Wednesday, August 23, 2006

Office Space: a little too close to home.

"If you had a million dollars, what would you do?"
"Me, Why I'd do 2 chicks at the same time."
"Really? That's what you'd do with a million dollars."
"Yep. You?"
"What would I do with a million dollars?"
"Yep."
"Nothing."
"Nothing?"
"That's right...."

I suffer from whims. Currently, I would like to learn how to knit. Past whims have included: writing, making candles, sewing my own clothes, making paper, and becoming fluent in Spanish. I'm sure there have been more but these stick out in my mind.

I went to college because that's what you do after high school. I wasn't so much interested in a career path as I was in living on my own. I studied PoliSci because it interested me briefly, then switched to Spanish because, hell, I already spoke the language. I then switched to Linguistics but got knocked up and finally, dropped out of college altogether.

At 25, when I had the baby, I needed: 3 classes to finish my linguistics degree, 4 classes for Spanish, and 5 to complete a degree in PoliSci. Laughing yet? I am.

I think the main problem has always been that my interests lie in fields that are predominantly unpaid. Either that or dead as a result of the Industrial Revolution. I don't need a degree to speak languages. I don't need a degree to sew or knit, can food or make paper. On the contrary, I only need a husband that allows me to stay home.
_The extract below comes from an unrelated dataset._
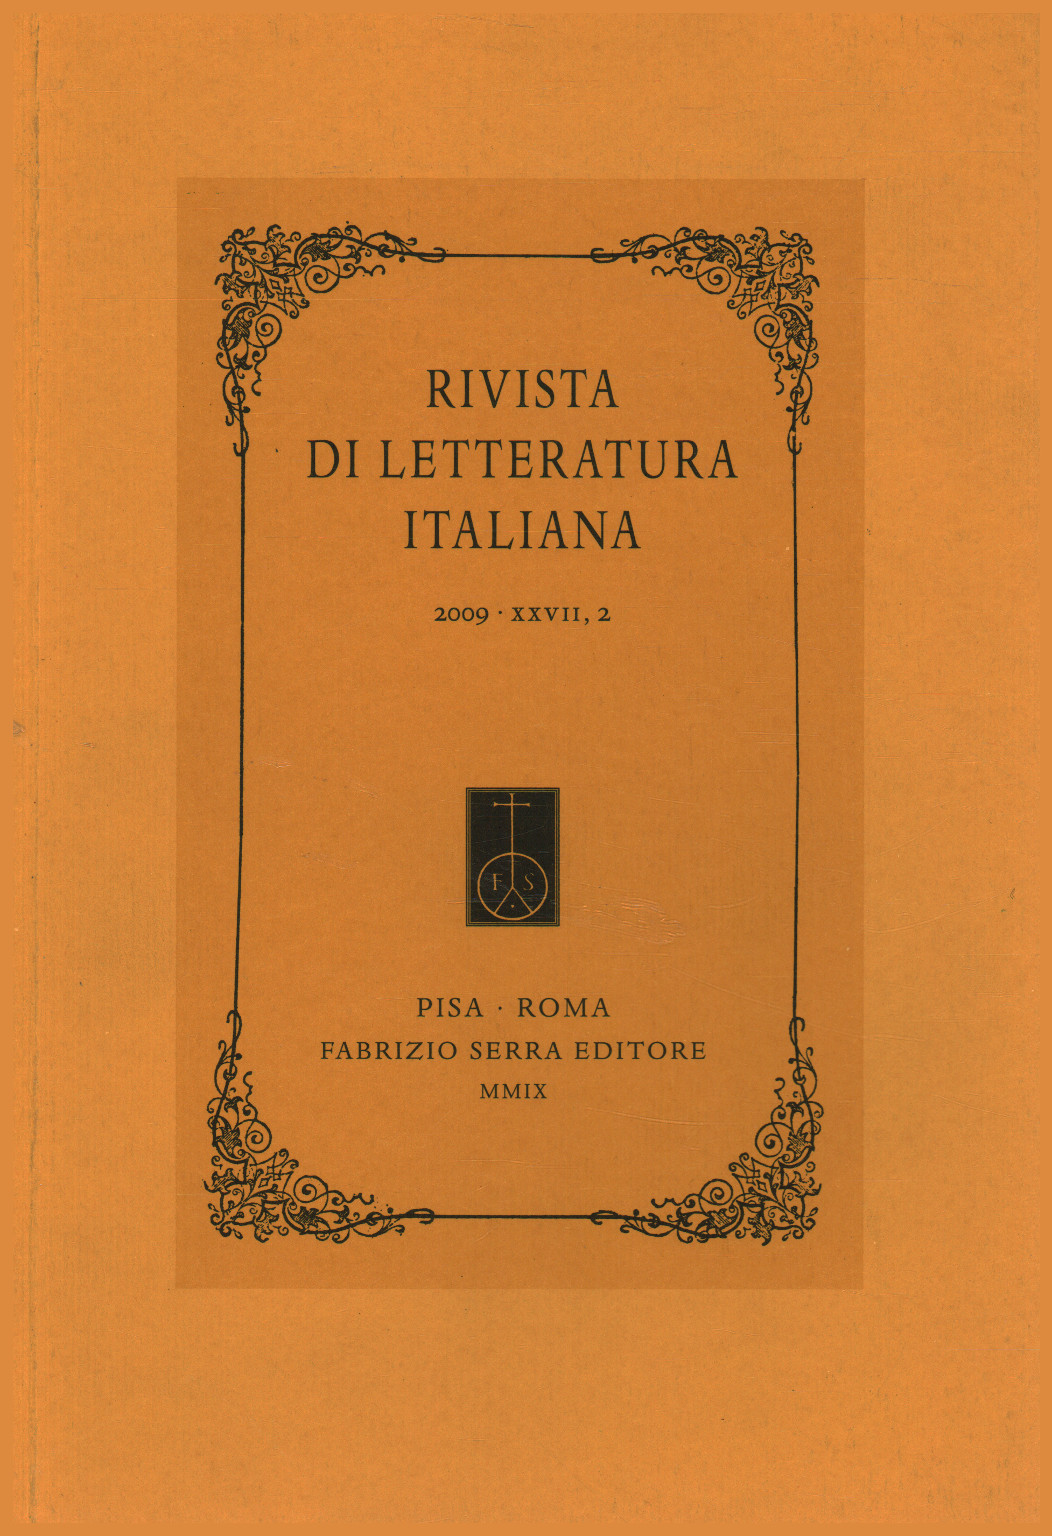 Rivista di letteratura italiana 2009,XXVII,2, s.a.

Much like Ron in Office Space, I don't want to do anything. Professionally, that is. I want to have a garden from where I can can and preserve my own vegetables. I want to be able to knit a really cool scarf, at the least. I can already sew, although the year I made all of my own clothes has kind of dampened my enjoyment for it. I want to ensure that my baby girl remains fluent in the 3 languages she already speaks. Basically, I want to be a housewife.
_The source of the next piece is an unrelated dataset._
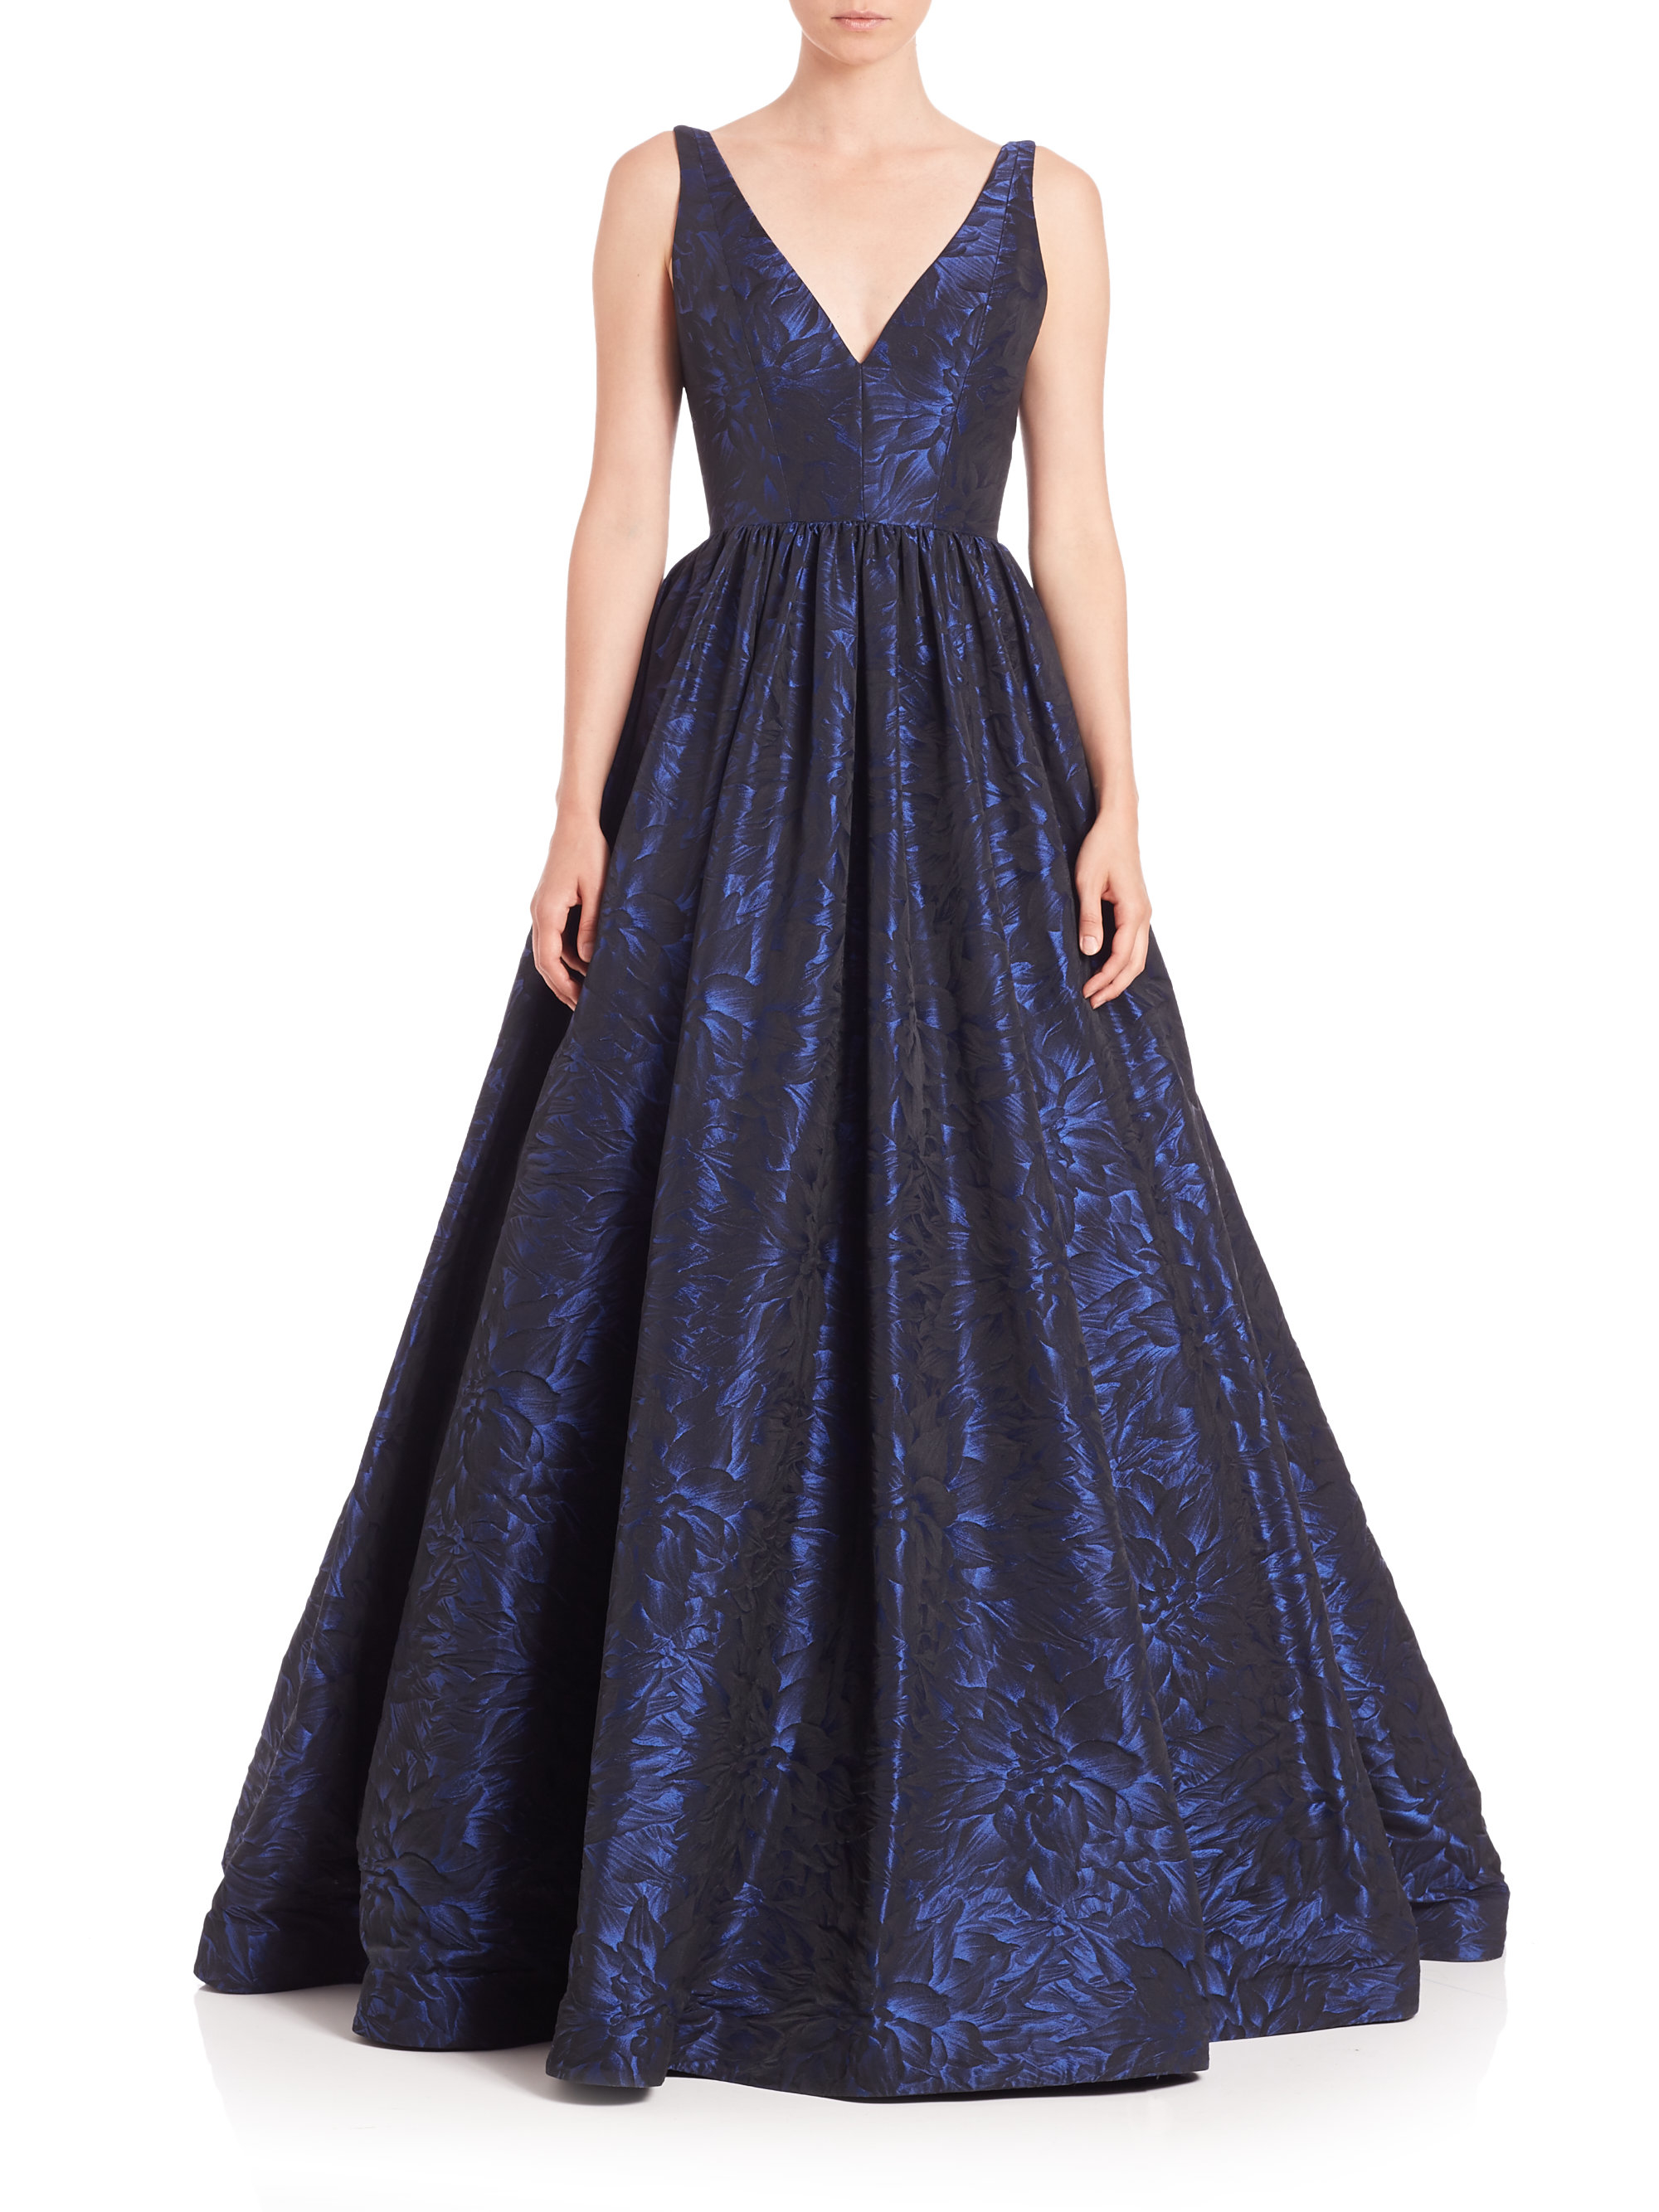 Lyst - Ml Monique Lhuillier V-neck Floral Jacquard Gown in Blue

And I never saw it coming!

I am an open minded woman. No, I am a feminist. I support anybody's choice to conquer the world or their own backyard. I refuse to accept less than open minded actions as viable. I have seen too much and know the power of freedom. I was teased, mercilessly, by my family for being a "tree-hugging, lettuce chomping liberal." And here I am, proclaiming for all the world, my desire to return to the kitchen, where hopefully, within six months I'll also be barefoot and pregnant!
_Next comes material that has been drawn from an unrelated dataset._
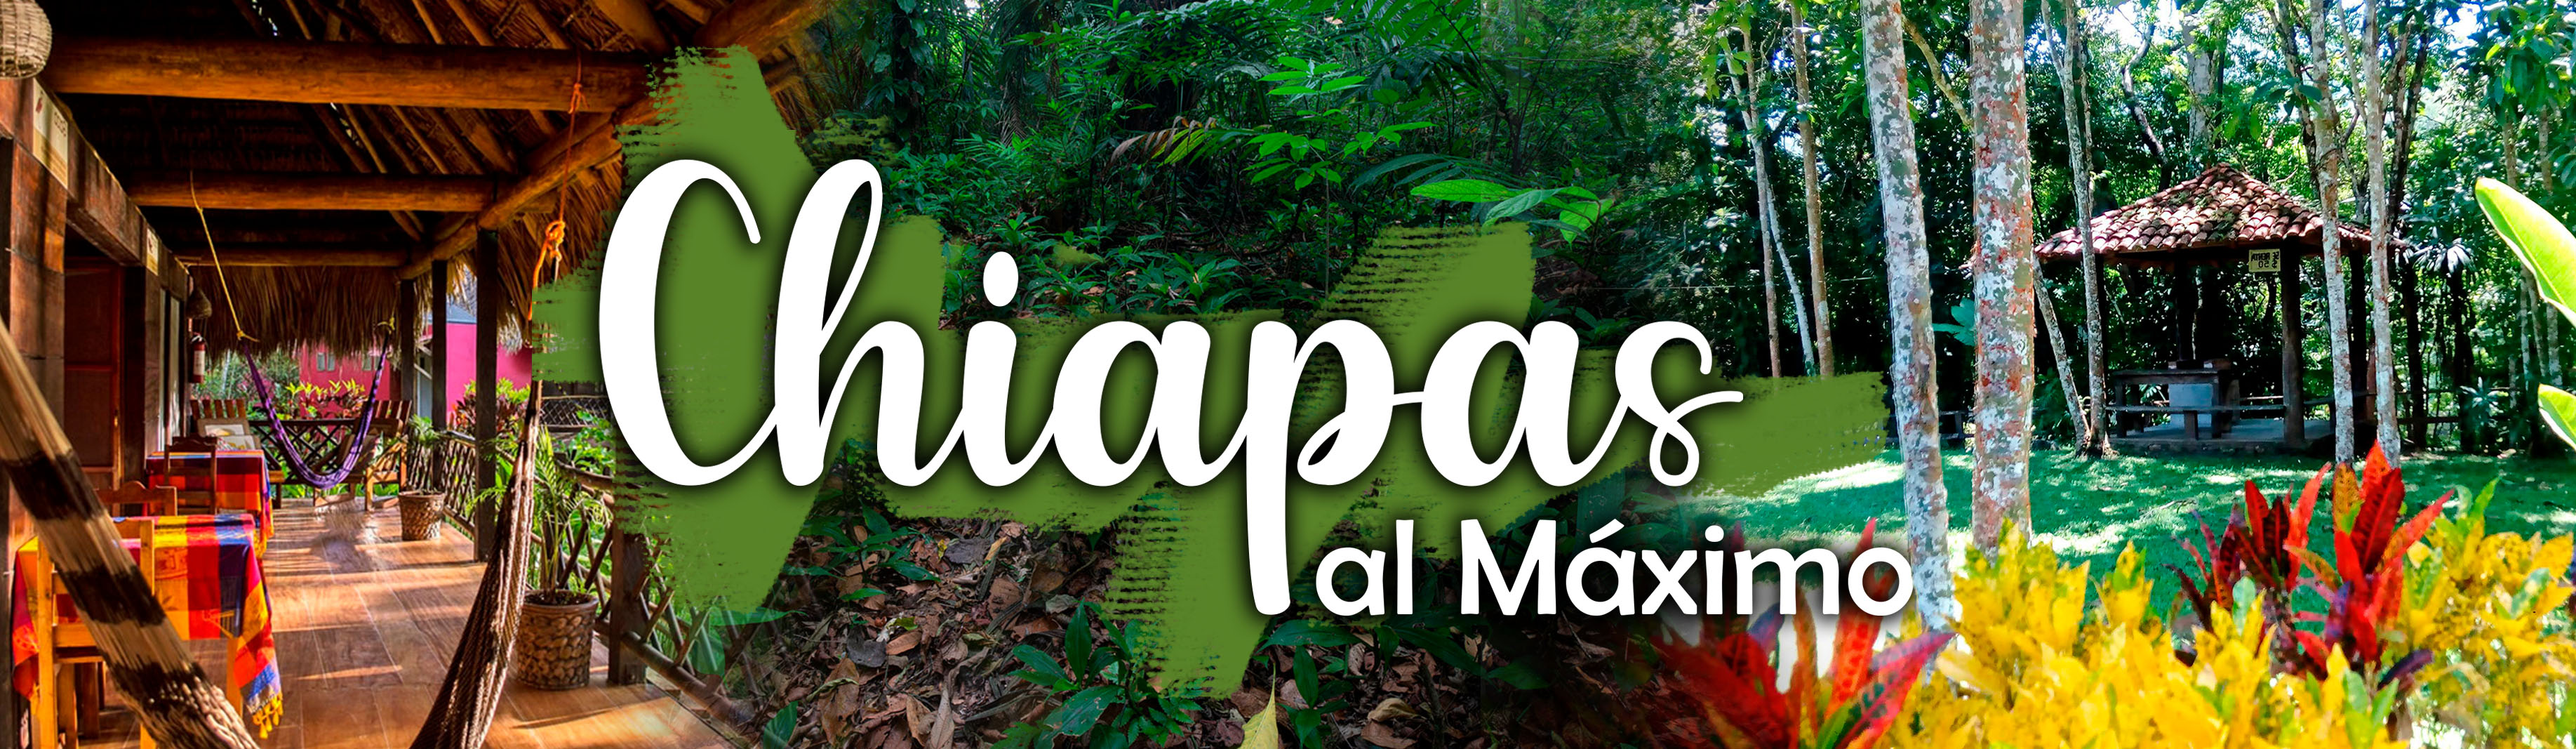 Chiapas Al Máximo

It is to laugh, and I'm sure my father is laughing his ass off right now!

2 comments:

Lisa said...

I hear ya. I always wanted to be a career girl. At one point, I didn't want kids, I wanted to kick some serious corporate butt.

And now I'm a stay-at-hom mom. I love it. And the thought of spending 40 hours a week in a small cubicle makes me want to claw my own eyes out!

So I can completely understand!

Kit said...

It's being able to choose that's important and having been able to do some other stuff first, which makes being barefoot and pregnant in the kitchen sink an attractive prospect! High heeled corporate shoes are way too uncomfortable.